Is a hard-coded number correct, or should we be asking the channel for
an actual number?

>  }
>  
>  static void handle_qmp_command(JSONMessageParser *parser, GQueue *tokens)
>
Markus Armbruster May 2, 2017, 2:43 p.m. UTC | #2
"Denis V. Lunev" <den@openvz.org> writes:

> Right now QMP and HMP monitors read 1 byte at a time from the socket, which
> is very inefficient. With 100+ VMs on the host this easily reasults in
> a lot of unnecessary system calls and CPU usage in the system.
>
> This patch changes the amount of data to read to 4096 bytes, which matches
> buffer size on the channel level. Fortunately, monitor protocol is
> synchronous right now thus we should not face side effects in reality.

Can you explain briefly why this relies on "synchronous"?  I've spent
all of two seconds on the question myself...

> Signed-off-by: Denis V. Lunev <den@openvz.org>
> CC: Markus Armbruster <armbru@redhat.com>
> CC: "Dr. David Alan Gilbert" <dgilbert@redhat.com>
> CC: Eric Blake <eblake@redhat.com>
> ---
>  monitor.c | 2 +-
>  1 file changed, 1 insertion(+), 1 deletion(-)
>
> diff --git a/monitor.c b/monitor.c
> index be282ec..00df5d0 100644
> --- a/monitor.c
> +++ b/monitor.c
> @@ -3698,7 +3698,7 @@ static int monitor_can_read(void *opaque)
>  {
>      Monitor *mon = opaque;
>  
> -    return (mon->suspend_cnt == 0) ? 1 : 0;
> +    return (mon->suspend_cnt == 0) ? 4096 : 0;
>  }
>  
>  static void handle_qmp_command(JSONMessageParser *parser, GQueue *tokens)
Daniel P. Berrangé May 2, 2017, 2:44 p.m. UTC | #3
On Tue, May 02, 2017 at 09:34:55AM -0500, Eric Blake wrote:
> On 05/02/2017 08:47 AM, Denis V. Lunev wrote:
> > Right now QMP and HMP monitors read 1 byte at a time from the socket, which
> > is very inefficient. With 100+ VMs on the host this easily reasults in
> 
> s/reasults/results/
> 
> > a lot of unnecessary system calls and CPU usage in the system.
> > 
> > This patch changes the amount of data to read to 4096 bytes, which matches
> > buffer size on the channel level. Fortunately, monitor protocol is
> > synchronous right now thus we should not face side effects in reality.
> 
> Do you have any easy benchmarks or measurements to prove what sort of
> efficiencies we get?  (I believe they exist, but quantifying them never
> hurts)
> 
> > 
> > Signed-off-by: Denis V. Lunev <den@openvz.org>
> > CC: Markus Armbruster <armbru@redhat.com>
> > CC: "Dr. David Alan Gilbert" <dgilbert@redhat.com>
> > CC: Eric Blake <eblake@redhat.com>
> > ---
> >  monitor.c | 2 +-
> >  1 file changed, 1 insertion(+), 1 deletion(-)
> > 
> > diff --git a/monitor.c b/monitor.c
> > index be282ec..00df5d0 100644
> > --- a/monitor.c
> > +++ b/monitor.c
> > @@ -3698,7 +3698,7 @@ static int monitor_can_read(void *opaque)
> >  {
> >      Monitor *mon = opaque;
> >  
> > -    return (mon->suspend_cnt == 0) ? 1 : 0;
> > +    return (mon->suspend_cnt == 0) ? 4096 : 0;
> 
> Is a hard-coded number correct, or should we be asking the channel for
> an actual number?

There's no need - this will cause the chardev code to just do a
gio_channel_read() with a 4096 byte buffer.

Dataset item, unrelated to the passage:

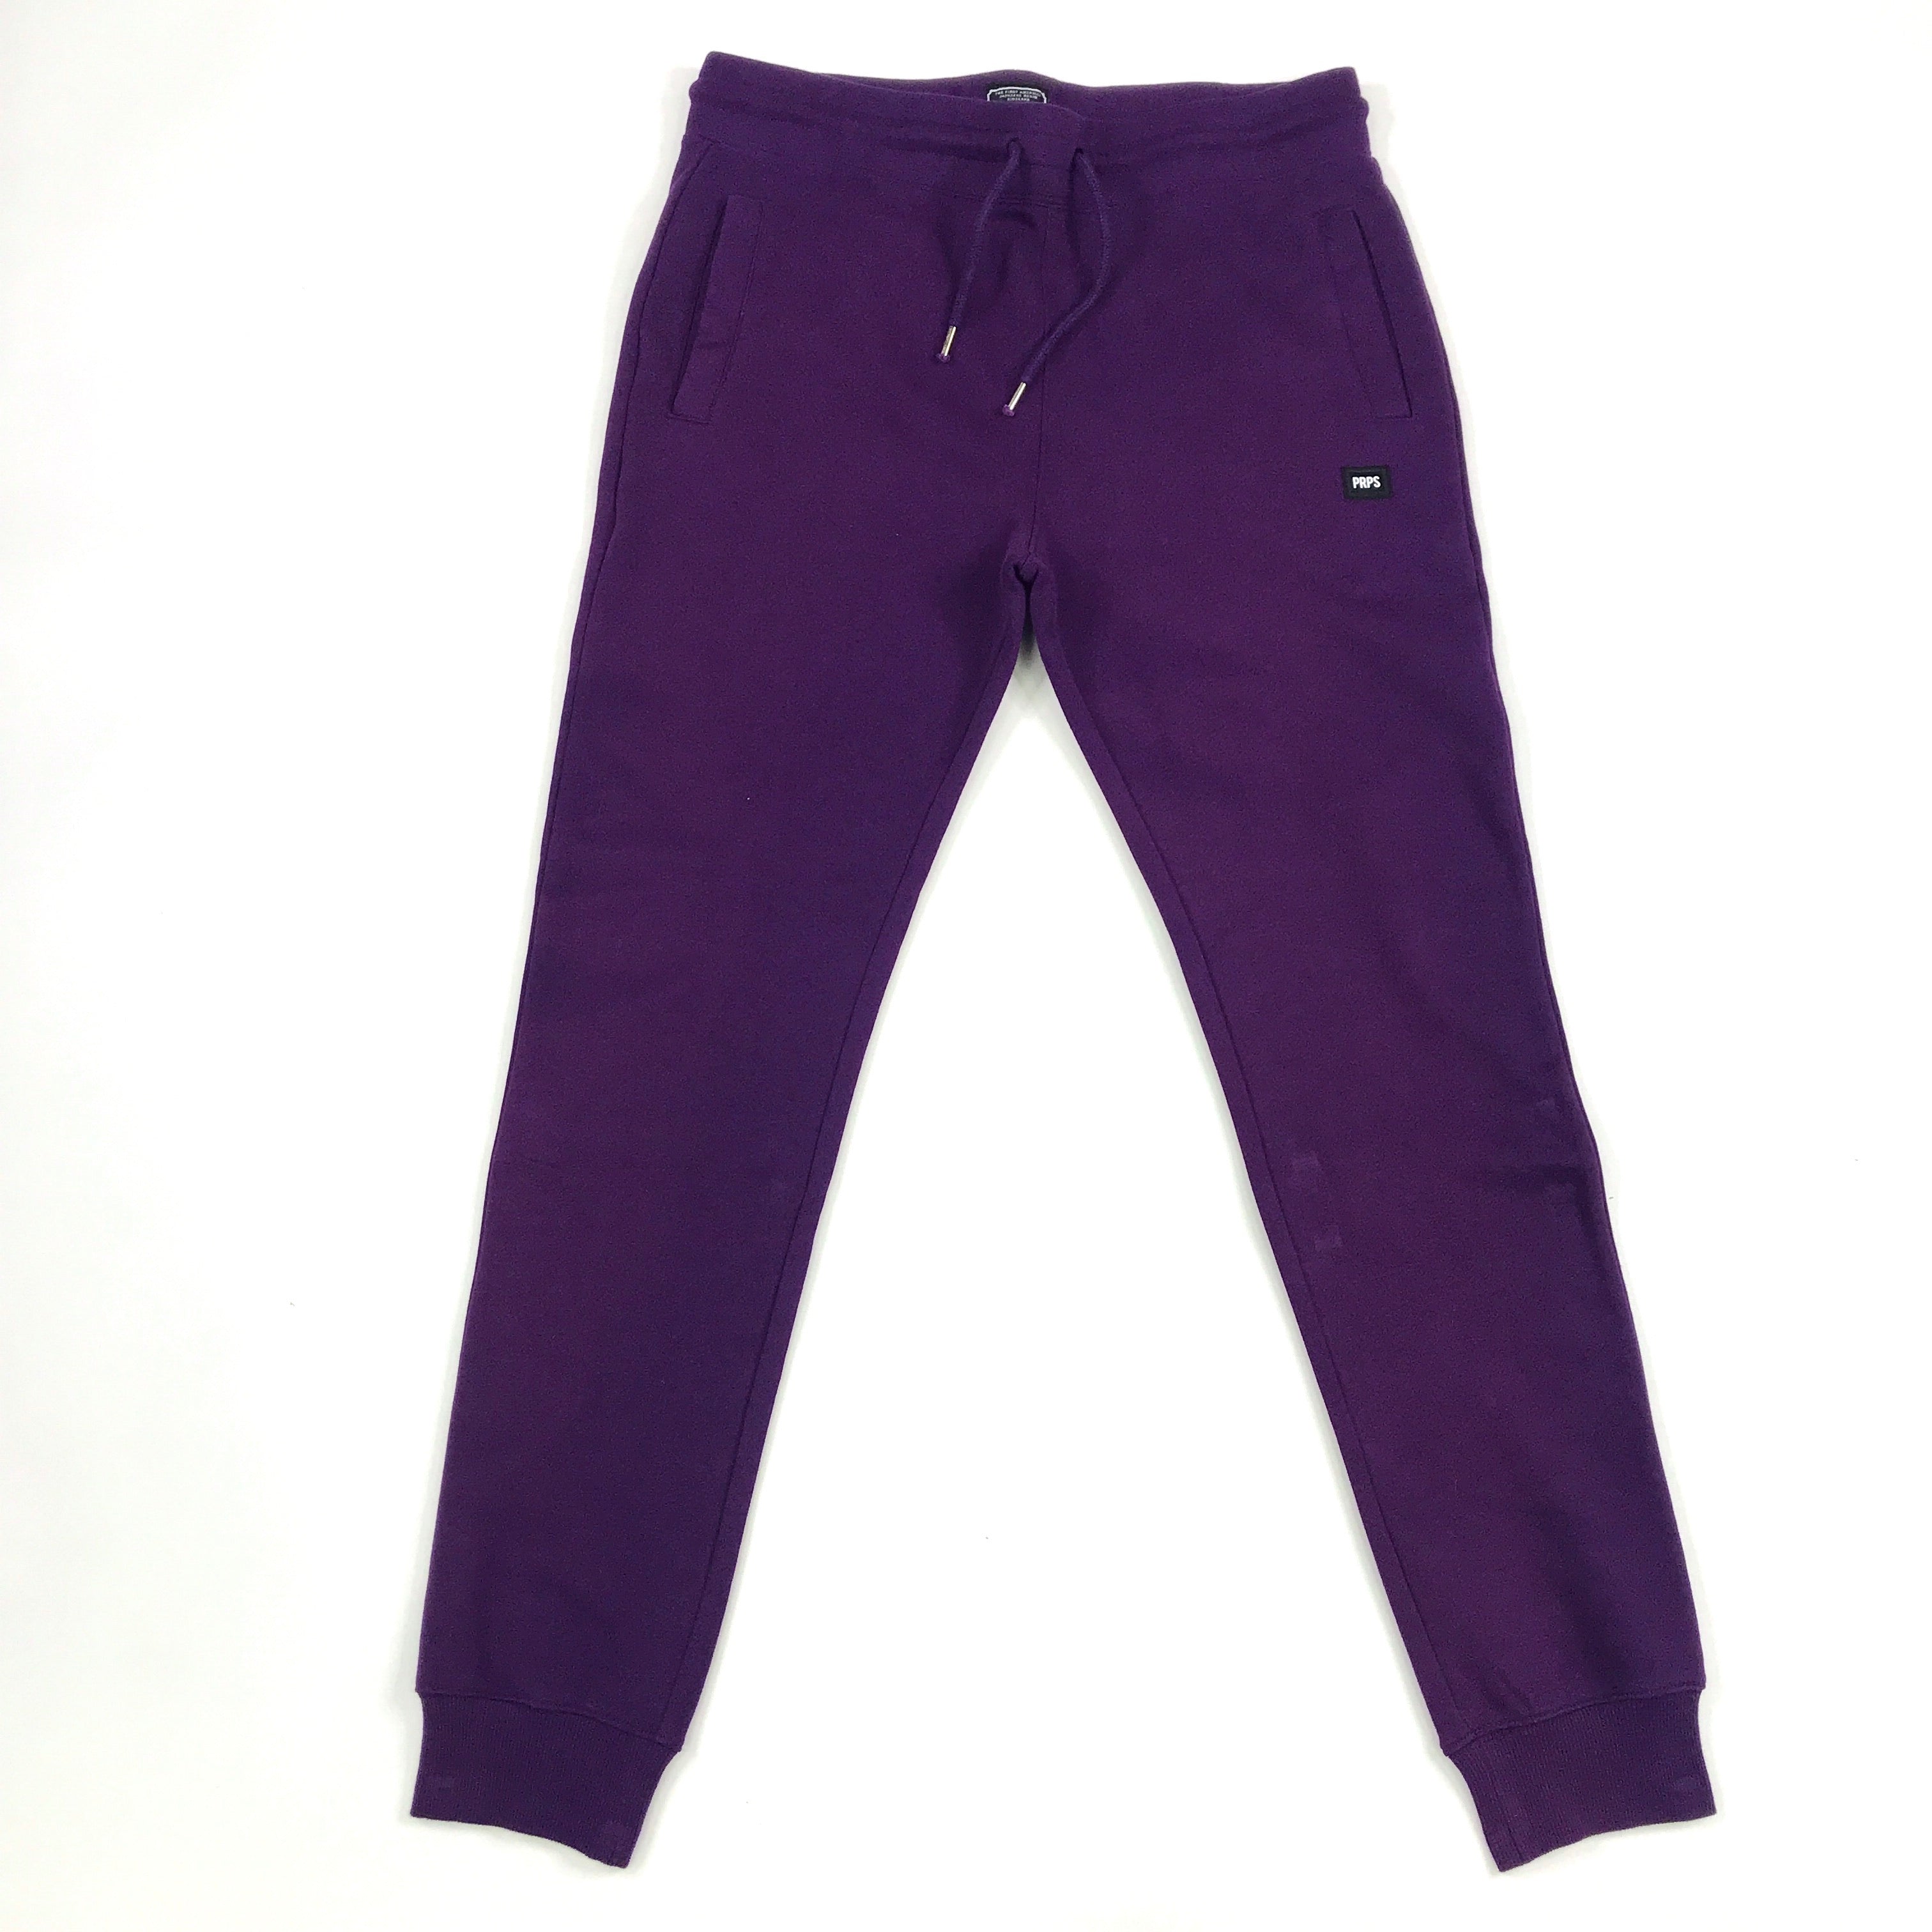 PRPS solid crewneck jogging suit in purple

The chardev backend
impl will then happily return fewer bytes than this - just whatever
happens to be pending. IOW this is just acting as an upper bound
on the amount of data we read at once. So 4k seems reasonable to
me, given the typical size of QMP/HMP command strings.

Regards,
Daniel
Dr. David Alan Gilbert May 2, 2017, 2:49 p.m. UTC | #4
* Daniel P. Berrange (berrange@redhat.com) wrote:
> On Tue, May 02, 2017 at 09:34:55AM -0500, Eric Blake wrote:
> > On 05/02/2017 08:47 AM, Denis V. Lunev wrote:
> > > Right now QMP and HMP monitors read 1 byte at a time from the socket, which
> > > is very inefficient. With 100+ VMs on the host this easily reasults in
> > 
> > s/reasults/results/
> > 
> > > a lot of unnecessary system calls and CPU usage in the system.
> > > 
> > > This patch changes the amount of data to read to 4096 bytes, which matches
> > > buffer size on the channel level. Fortunately, monitor protocol is
> > > synchronous right now thus we should not face side effects in reality.
> > 
> > Do you have any easy benchmarks or measurements to prove what sort of
> > efficiencies we get?  (I believe they exist, but quantifying them never
> > hurts)
> > 
> > > 
> > > Signed-off-by: Denis V. Lunev <den@openvz.org>
> > > CC: Markus Armbruster <armbru@redhat.com>
> > > CC: "Dr. David Alan Gilbert" <dgilbert@redhat.com>
> > > CC: Eric Blake <eblake@redhat.com>
> > > ---
> > >  monitor.c | 2 +-
> > >  1 file changed, 1 insertion(+), 1 deletion(-)
> > > 
> > > diff --git a/monitor.c b/monitor.c
> > > index be282ec..00df5d0 100644
> > > --- a/monitor.c
> > > +++ b/monitor.c
> > > @@ -3698,7 +3698,7 @@ static int monitor_can_read(void *opaque)
> > >  {
> > >      Monitor *mon = opaque;
> > >  
> > > -    return (mon->suspend_cnt == 0) ? 1 : 0;
> > > +    return (mon->suspend_cnt == 0) ? 4096 : 0;
> > 
> > Is a hard-coded number correct, or should we be asking the channel for
> > an actual number?
> 
> There's no need - this will cause the chardev code to just do a
> gio_channel_read() with a 4096 byte buffer. The chardev backend
> impl will then happily return fewer bytes than this - just whatever
> happens to be pending. IOW this is just acting as an upper bound
> on the amount of data we read at once. So 4k seems reasonable to
> me, given the typical size of QMP/HMP command strings.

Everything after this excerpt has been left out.